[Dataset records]
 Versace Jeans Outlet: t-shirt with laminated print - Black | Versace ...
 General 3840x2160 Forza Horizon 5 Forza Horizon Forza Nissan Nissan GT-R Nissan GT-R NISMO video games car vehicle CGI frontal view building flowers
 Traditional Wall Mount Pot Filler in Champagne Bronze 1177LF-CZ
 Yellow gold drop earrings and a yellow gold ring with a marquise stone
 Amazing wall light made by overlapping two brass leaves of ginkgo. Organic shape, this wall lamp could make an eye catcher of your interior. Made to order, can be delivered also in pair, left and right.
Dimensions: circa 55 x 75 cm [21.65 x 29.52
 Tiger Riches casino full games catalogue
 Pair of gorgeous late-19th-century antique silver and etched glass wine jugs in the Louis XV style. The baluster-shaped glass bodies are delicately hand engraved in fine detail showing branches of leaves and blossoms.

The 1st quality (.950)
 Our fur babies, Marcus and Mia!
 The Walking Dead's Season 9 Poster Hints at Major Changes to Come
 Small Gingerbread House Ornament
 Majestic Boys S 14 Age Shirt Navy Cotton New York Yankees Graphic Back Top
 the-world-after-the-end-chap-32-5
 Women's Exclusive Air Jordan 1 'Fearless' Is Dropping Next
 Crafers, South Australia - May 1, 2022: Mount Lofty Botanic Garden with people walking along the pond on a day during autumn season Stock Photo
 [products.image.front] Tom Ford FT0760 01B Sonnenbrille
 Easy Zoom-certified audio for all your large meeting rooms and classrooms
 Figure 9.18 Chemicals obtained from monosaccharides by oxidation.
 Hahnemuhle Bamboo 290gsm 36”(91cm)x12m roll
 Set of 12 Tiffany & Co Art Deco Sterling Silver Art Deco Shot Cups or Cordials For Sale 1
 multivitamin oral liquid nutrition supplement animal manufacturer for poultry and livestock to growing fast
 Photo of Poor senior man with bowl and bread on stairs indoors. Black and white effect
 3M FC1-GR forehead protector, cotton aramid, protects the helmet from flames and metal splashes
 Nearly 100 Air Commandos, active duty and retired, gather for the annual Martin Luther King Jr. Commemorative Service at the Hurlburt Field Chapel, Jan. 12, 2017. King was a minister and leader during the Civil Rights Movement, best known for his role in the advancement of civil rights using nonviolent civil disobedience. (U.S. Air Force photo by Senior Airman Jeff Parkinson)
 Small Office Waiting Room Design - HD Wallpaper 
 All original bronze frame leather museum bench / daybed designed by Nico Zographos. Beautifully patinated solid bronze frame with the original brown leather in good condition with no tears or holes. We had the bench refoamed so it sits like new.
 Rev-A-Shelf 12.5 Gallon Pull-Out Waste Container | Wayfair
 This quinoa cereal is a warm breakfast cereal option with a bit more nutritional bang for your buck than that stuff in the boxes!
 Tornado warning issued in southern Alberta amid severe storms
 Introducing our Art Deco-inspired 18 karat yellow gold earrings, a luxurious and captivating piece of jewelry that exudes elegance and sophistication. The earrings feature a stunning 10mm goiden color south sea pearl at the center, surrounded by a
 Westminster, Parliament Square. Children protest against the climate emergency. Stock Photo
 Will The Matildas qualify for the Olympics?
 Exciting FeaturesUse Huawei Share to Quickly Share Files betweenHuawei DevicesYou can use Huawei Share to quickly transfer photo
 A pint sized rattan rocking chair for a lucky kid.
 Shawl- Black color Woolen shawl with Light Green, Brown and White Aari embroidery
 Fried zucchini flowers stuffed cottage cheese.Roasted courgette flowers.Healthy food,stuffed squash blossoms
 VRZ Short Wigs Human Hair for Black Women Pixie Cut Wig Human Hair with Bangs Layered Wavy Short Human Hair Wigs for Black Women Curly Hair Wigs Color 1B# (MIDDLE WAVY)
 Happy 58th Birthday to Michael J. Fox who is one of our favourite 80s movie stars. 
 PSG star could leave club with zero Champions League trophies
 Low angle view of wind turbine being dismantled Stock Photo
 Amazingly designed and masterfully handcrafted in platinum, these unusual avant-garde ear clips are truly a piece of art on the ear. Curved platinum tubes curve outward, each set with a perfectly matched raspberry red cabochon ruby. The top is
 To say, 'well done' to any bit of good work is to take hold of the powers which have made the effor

Instructions to follow - Output every record verbatim.

Answer space -
 Versace Jeans Outlet: t-shirt with laminated print - Black | Versace ...
 General 3840x2160 Forza Horizon 5 Forza Horizon Forza Nissan Nissan GT-R Nissan GT-R NISMO video games car vehicle CGI frontal view building flowers
 Traditional Wall Mount Pot Filler in Champagne Bronze 1177LF-CZ
 Yellow gold drop earrings and a yellow gold ring with a marquise stone
 Amazing wall light made by overlapping two brass leaves of ginkgo. Organic shape, this wall lamp could make an eye catcher of your interior. Made to order, can be delivered also in pair, left and right.
Dimensions: circa 55 x 75 cm [21.65 x 29.52
 Tiger Riches casino full games catalogue
 Pair of gorgeous late-19th-century antique silver and etched glass wine jugs in the Louis XV style. The baluster-shaped glass bodies are delicately hand engraved in fine detail showing branches of leaves and blossoms.

The 1st quality (.950)
 Our fur babies, Marcus and Mia!
 The Walking Dead's Season 9 Poster Hints at Major Changes to Come
 Small Gingerbread House Ornament
 Majestic Boys S 14 Age Shirt Navy Cotton New York Yankees Graphic Back Top
 the-world-after-the-end-chap-32-5
 Women's Exclusive Air Jordan 1 'Fearless' Is Dropping Next
 Crafers, South Australia - May 1, 2022: Mount Lofty Botanic Garden with people walking along the pond on a day during autumn season Stock Photo
 [products.image.front] Tom Ford FT0760 01B Sonnenbrille
 Easy Zoom-certified audio for all your large meeting rooms and classrooms
 Figure 9.18 Chemicals obtained from monosaccharides by oxidation.
 Hahnemuhle Bamboo 290gsm 36”(91cm)x12m roll
 Set of 12 Tiffany & Co Art Deco Sterling Silver Art Deco Shot Cups or Cordials For Sale 1
 multivitamin oral liquid nutrition supplement animal manufacturer for poultry and livestock to growing fast
 Photo of Poor senior man with bowl and bread on stairs indoors. Black and white effect
 3M FC1-GR forehead protector, cotton aramid, protects the helmet from flames and metal splashes
 Nearly 100 Air Commandos, active duty and retired, gather for the annual Martin Luther King Jr. Commemorative Service at the Hurlburt Field Chapel, Jan. 12, 2017. King was a minister and leader during the Civil Rights Movement, best known for his role in the advancement of civil rights using nonviolent civil disobedience. (U.S. Air Force photo by Senior Airman Jeff Parkinson)
 Small Office Waiting Room Design - HD Wallpaper 
 All original bronze frame leather museum bench / daybed designed by Nico Zographos. Beautifully patinated solid bronze frame with the original brown leather in good condition with no tears or holes. We had the bench refoamed so it sits like new.
 Rev-A-Shelf 12.5 Gallon Pull-Out Waste Container | Wayfair
 This quinoa cereal is a warm breakfast cereal option with a bit more nutritional bang for your buck than that stuff in the boxes!
 Tornado warning issued in southern Alberta amid severe storms
 Introducing our Art Deco-inspired 18 karat yellow gold earrings, a luxurious and captivating piece of jewelry that exudes elegance and sophistication. The earrings feature a stunning 10mm goiden color south sea pearl at the center, surrounded by a
 Westminster, Parliament Square. Children protest against the climate emergency. Stock Photo
 Will The Matildas qualify for the Olympics?
 Exciting FeaturesUse Huawei Share to Quickly Share Files betweenHuawei DevicesYou can use Huawei Share to quickly transfer photo
 A pint sized rattan rocking chair for a lucky kid.
 Shawl- Black color Woolen shawl with Light Green, Brown and White Aari embroidery
 Fried zucchini flowers stuffed cottage cheese.Roasted courgette flowers.Healthy food,stuffed squash blossoms
 VRZ Short Wigs Human Hair for Black Women Pixie Cut Wig Human Hair with Bangs Layered Wavy Short Human Hair Wigs for Black Women Curly Hair Wigs Color 1B# (MIDDLE WAVY)
 Happy 58th Birthday to Michael J. Fox who is one of our favourite 80s movie stars. 
 PSG star could leave club with zero Champions League trophies
 Low angle view of wind turbine being dismantled Stock Photo
 Amazingly designed and masterfully handcrafted in platinum, these unusual avant-garde ear clips are truly a piece of art on the ear. Curved platinum tubes curve outward, each set with a perfectly matched raspberry red cabochon ruby. The top is
 To say, 'well done' to any bit of good work is to take hold of the powers which have made the effor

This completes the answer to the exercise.